Additional Information: See "Using Procedural Replication" on page 7-2.
Asynchronous data propagation is the normal configuration for advanced replication environments. However, Oracle also supports synchronous data propagation for applications with special requirements. Synchronous data propagation occurs when an application updates a local replica of a table, and within the same transaction also updates all other replicas of the same table. Consequently, synchronous data replication is also called real-time data replication. Use synchronous replication only when applications require that replicated sites remain continuously synchronized.
Note: A replication system that uses real-time propagation of replication data is highly dependent on system and network availability because it can function only when all sites in the system are concurrently available.
As Figure 1-12 shows, Oracle uses the same system of internal database triggers to generate RPCs that replicate data-level changes to other replication sites to support synchronous, row-level data replication. However, Oracle does not defer the execution of such RPCs. Instead, data replication RPCs execute within the boundary of the same transaction that modifies the local replica. Consequently, a data-level change must be possible at all sites that manage a replicated table or else a transaction rollback occurs.
You can choose to create a replicated environment in which some sites propagate changes synchronously while others use asynchronous propagation (deferred transactions).

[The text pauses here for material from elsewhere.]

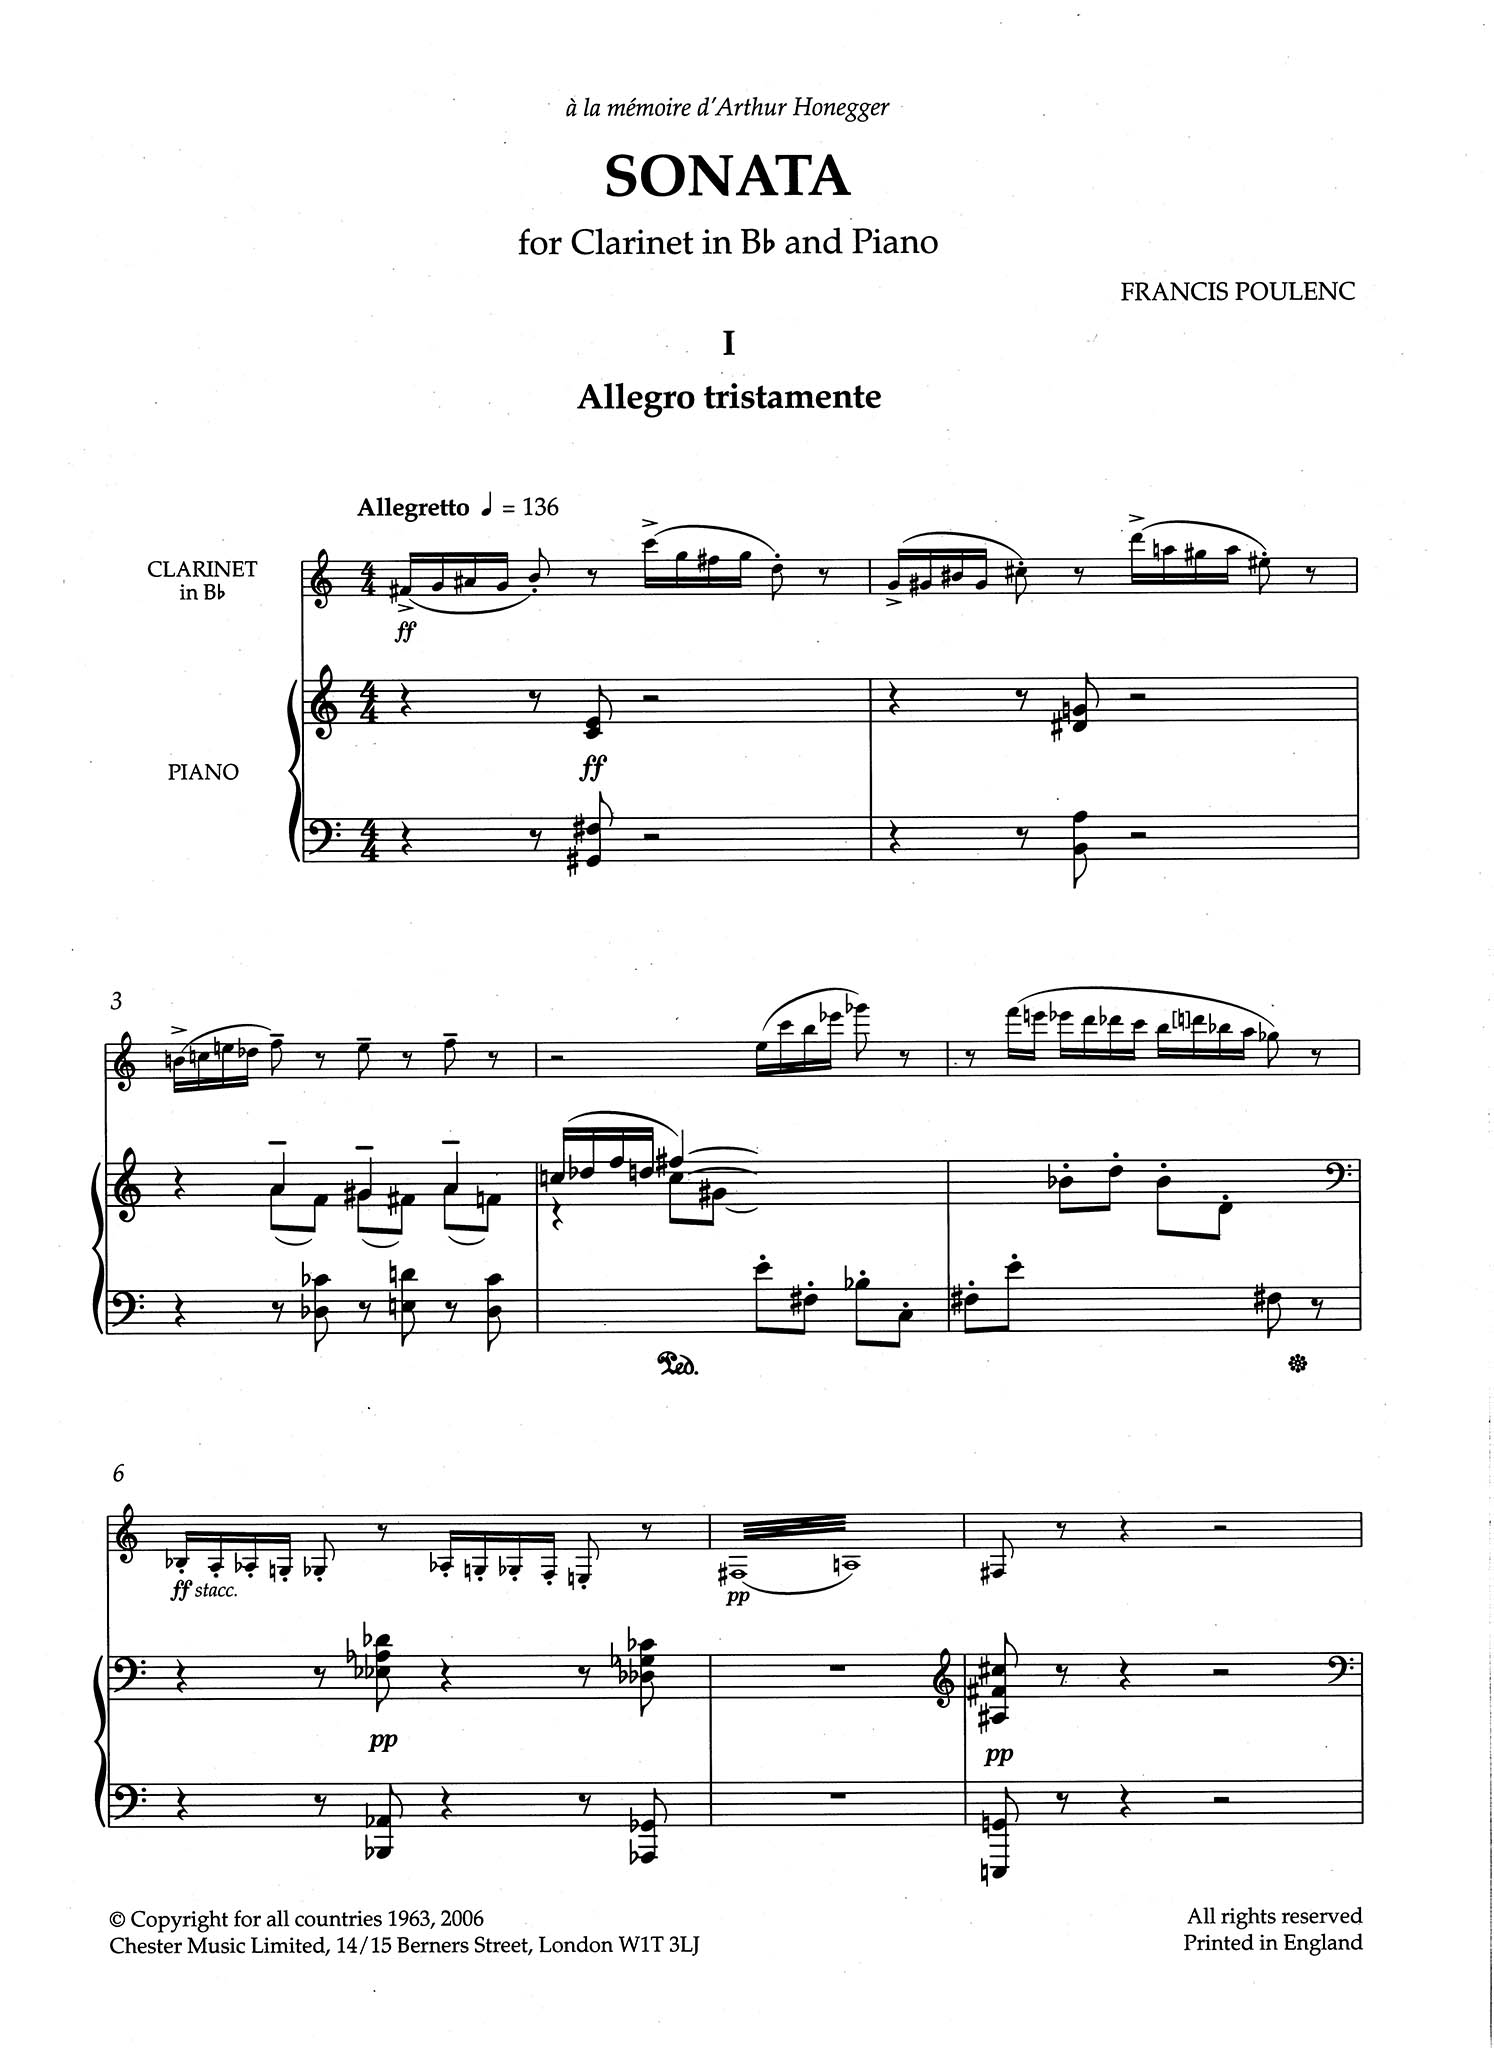 Sonata for Clarinet & Piano - Movement 1

When a shared ownership system replicates all changes synchronously (real-time replication), replication conflicts are not possible. With real-time replication, applications use distributed transactions to update all replicas of a table at the same time. As is the case in nondistributed database environments, Oracle automatically locks rows on behalf of each distributed transaction to prevent all types of destructive interference among transactions. While a real-time replication system can prevent replication conflicts, this type of system is highly dependent on system and network availability because it can function only when all sites in the system are available.